# Proof of nonexistence of a solution to an equation in terms of elementary functions?

In a numerical methods class I'm taking, it was claimed that the equation $A = \frac{R^2}{2} \left(\theta - \sin\theta \right)$ cannot be analytically solved for $\theta$. I don't doubt that this is true, but I'm curious how it could be proved that this is true.

In general, how would one go about proving that a solution to an equation in terms of elementary functions does not exist?

• Really what you mean to say is that there is no expression in terms of elementary functions. The word "analytic" gets tossed around too much and leads to confusion. Surely there is a solution to that equation however it's not expressible in terms of elementary functions like trigonometric functions, exponentials, powers and roots. Jul 8, 2013 at 23:00
• Interesting, thanks for pointing that out. Am I correct in understanding that if an expression does not exist in terms of elementary functions then it is not possible to obtain an exact value either by hand or with a computer? Jul 8, 2013 at 23:10
• @GordonBailey: What do you mean by exact value?

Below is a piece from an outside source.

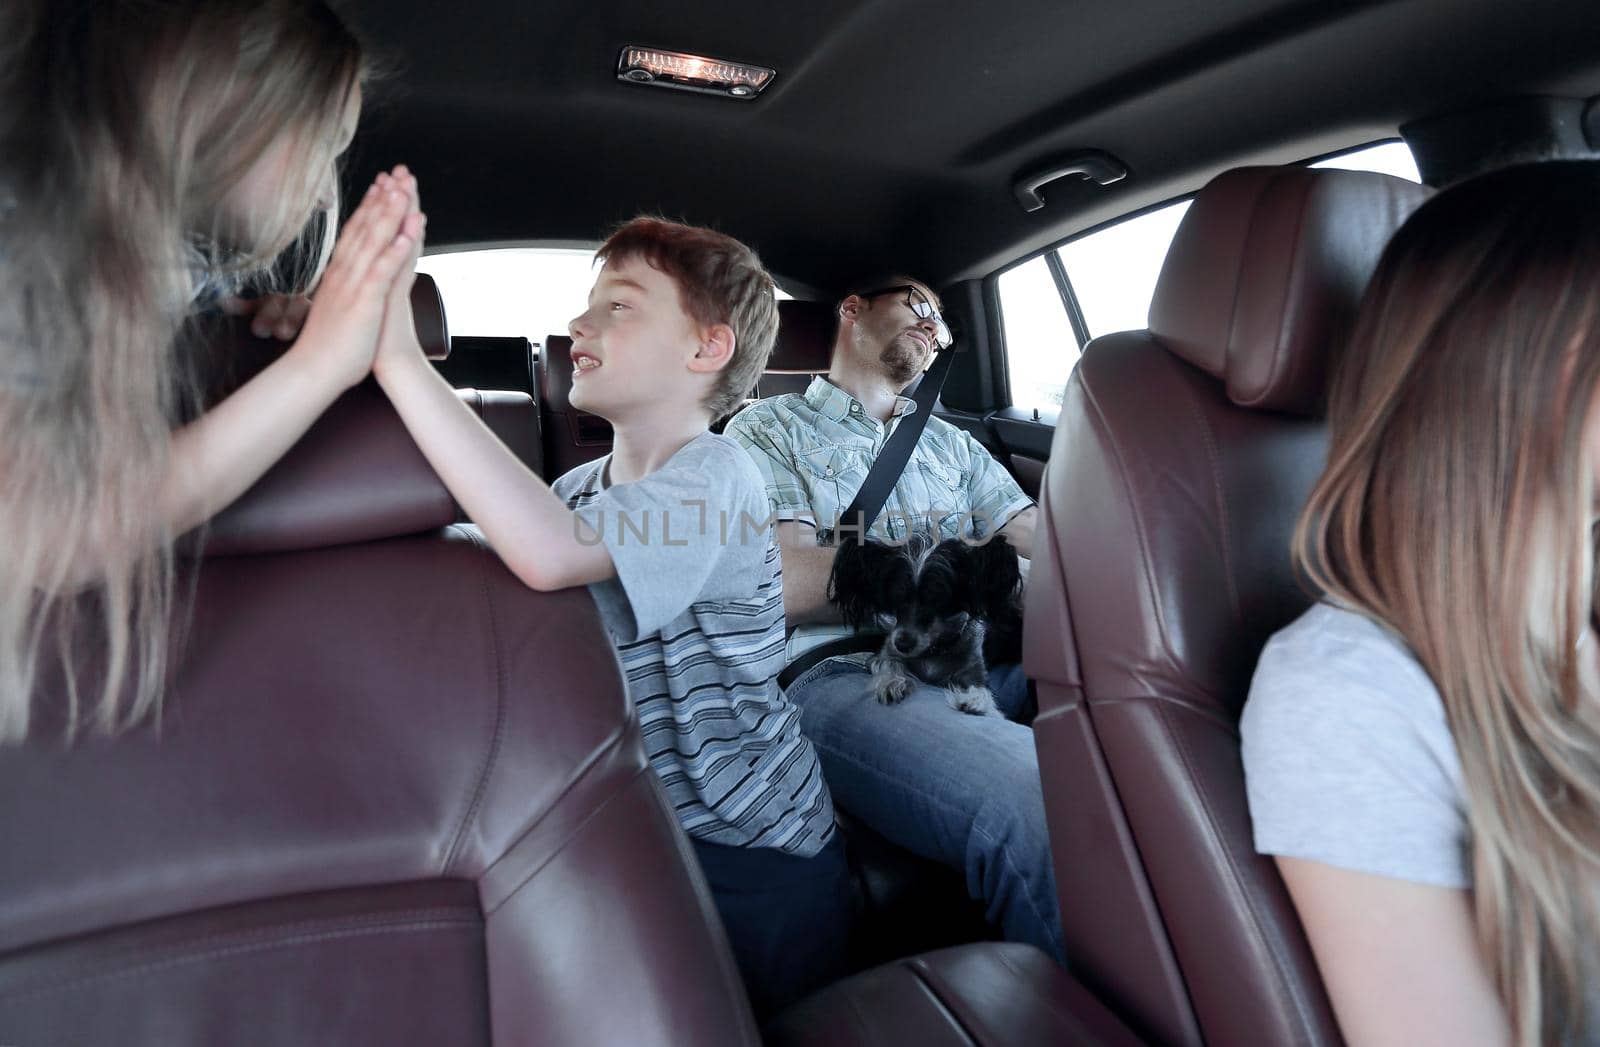 brother and sister give a high five while sitting in the car cabin.family holiday concept

If you mean by "arbitrarily (but finitely) accurate", then no, you're not correct. There are many computable functions which are not elementary. On the other hand, you can't really expect functions which are not integer (or at least rational-) valued to be computed exactly, as real numbers can't be exactly represented. The set of elementary functions is in many ways, quite arbitrary, and their (relative) significance is historical more than anything, as far as I know. Jul 8, 2013 at 23:16
• @GordonBailey No. The Gamma Function provides a simple counterexample: $\Gamma(\frac{1}{2}) = \sqrt{\pi}$. Also, trivial counterexamples exist such as the Lambert W function: $W(0) = 0$. Jul 8, 2013 at 23:16
• Thank you both for your answers. I'm curious what the right wording for my original question would be. Basically I want to know how you can determine if an expression for (in this case) $\theta$ can be found in terms of $A$ and $R$. Is this actually a mathematically meaningful question? Jul 8, 2013 at 23:37

About a century and a half ago, Liouville developed a criterion to determine whether the solution to certain types of differential equation could be expressed in elementary terms. This criterion was powerful enough to show for example that there is no elementary function whose derivative is $e^{-x^2}$.

The ideas of Liouville led to the field of differential algebra.

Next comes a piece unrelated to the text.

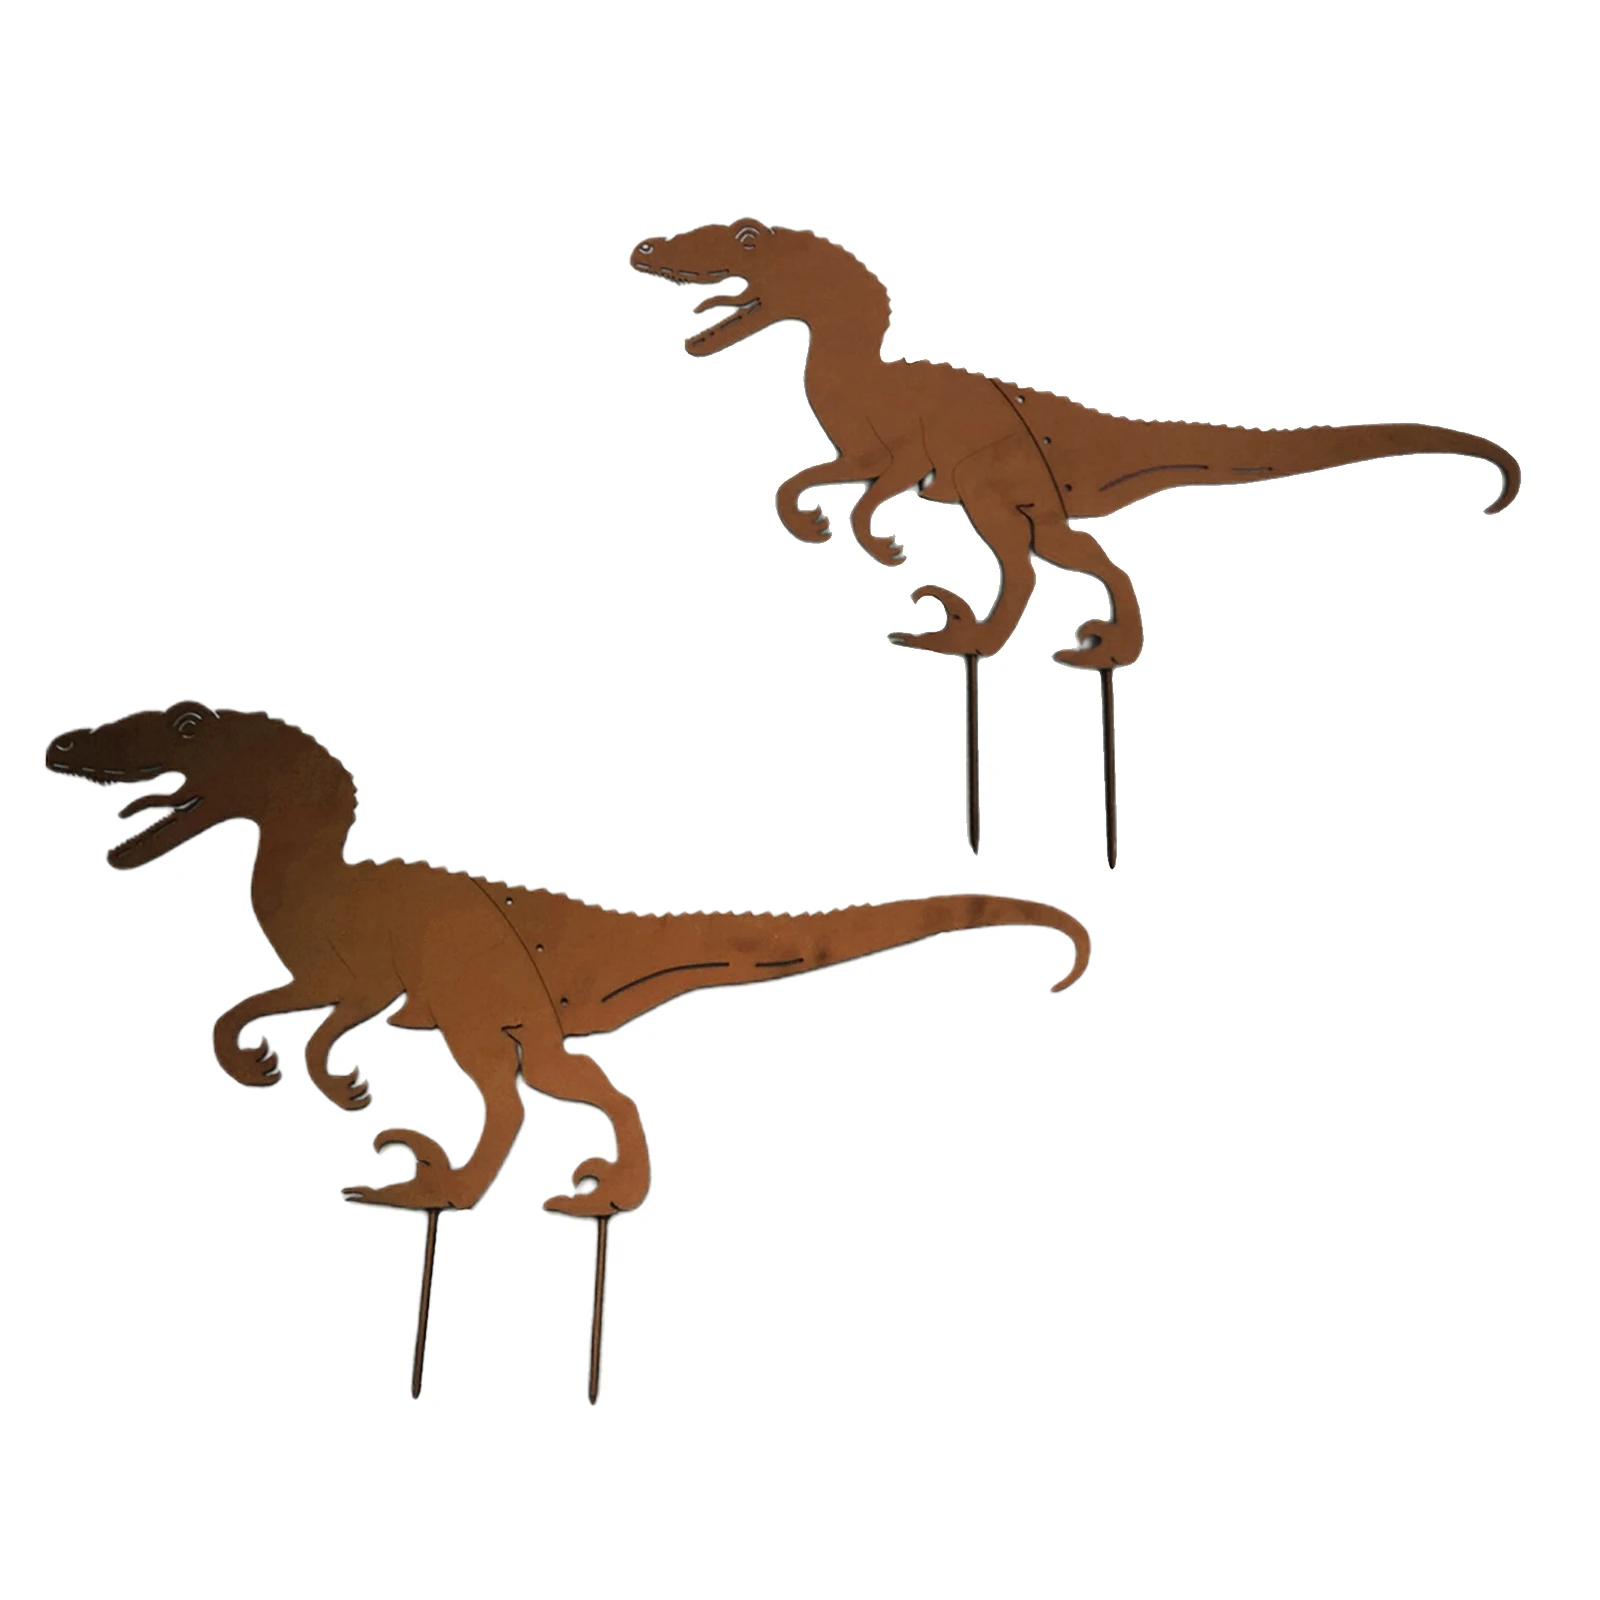 

Dinosaur Silhouette Garden Stake Garden Art for Outside Decorations Lawn Ornaments Ornamental Gardening Stakes Outdoor Statues

Much later, Risch produced an algorithm that will determine, for a fairly wide class of elementary functions, whether a function has an elementary antiderivative. There have been improvements since, and improved algorithms have been at least partly implemented.

Mainly, Liouville and Risch treated integration in finite terms and answered, with their method, the problem of integration of elementary functions by elementary functions.

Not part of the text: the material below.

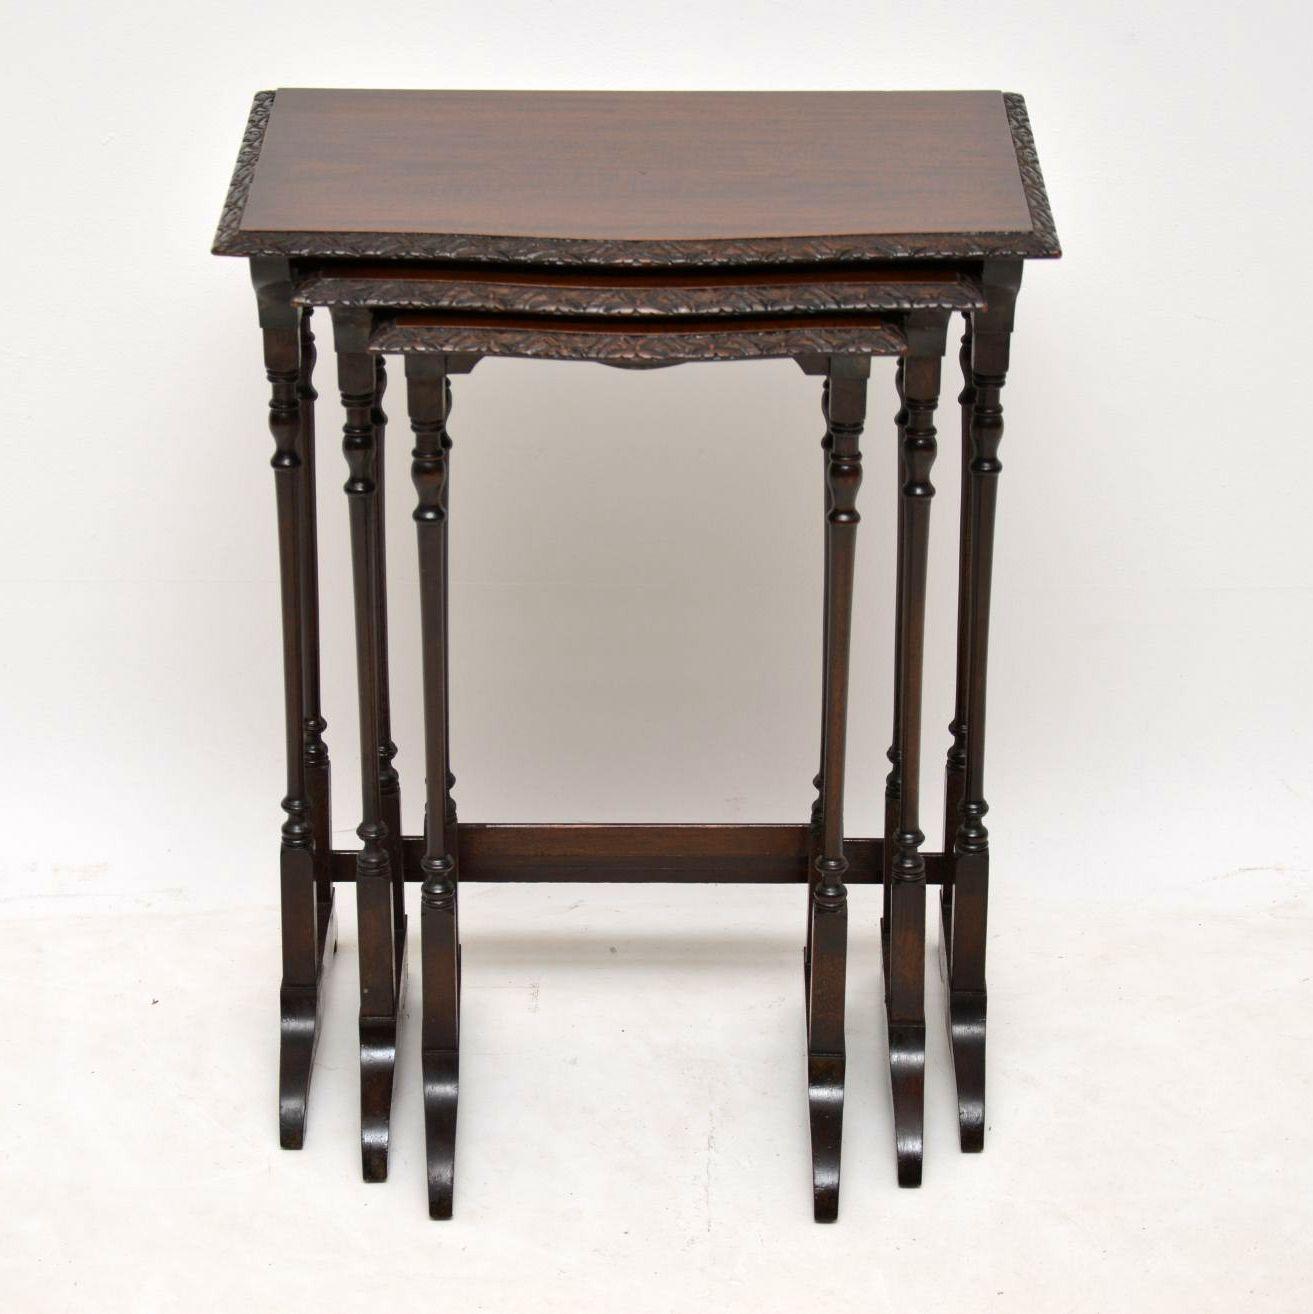 Antique Edwardian mahogany nest of three tables dating to circa 1900-1910 period and in good original condition. The serpentine shaped table tops have finely carved edges and there are stretchers across the backs of the legs providing greater

For the problem of solving equations in terms of elementary functions, Liouville's representation of elementary functions as composition of explicit algebraic functions and elementary standard functions, or, as composition of explicit algebraic functions, $\exp$ and $\ln$, is necessary.

Solving an equation in terms of elementary functions means that the function which is set constant by this equation has an inverse function and that this inverse function is expressable in terms of elementary functions.

Assume that your equation exists: A and R, not dependent on $\theta$, are choosen so that the equation depends on its solving variable ($\theta$).

Write your equation as zeroing equation. Then look at the structure of this equation. The solving variable ($\theta$) is argument of algebraic component functions (The identity function ($\theta\mapsto \theta$) is an algebraic function.) and of transcendental component functions ($\sin$). The component functions are the arguments of an outer function which is an algebraic function. This algebraic function can be represented as a unary algebraic function only for the values of $\theta$ where the values of the component functions are algebraically dependent. An algebraic function $A$ can have an inverse function which is expressable in terms of elementary functions only if $A$ is unary. Therefore your equation can have a solution in terms of elementary functions only if a value of $\theta$ where the values of the component functions are algebraically dependent is a solution of the equation. The equation from your example can have a solution which is expressable in terms of elementary functions only when $0$ is a solution of this equation.

Look for transcendental number theory, e.g. for Schanuel's conjecture and its precursors, and for the expression of elementary functions as composition of explicit algebraic functions, $\exp$ and $\ln$.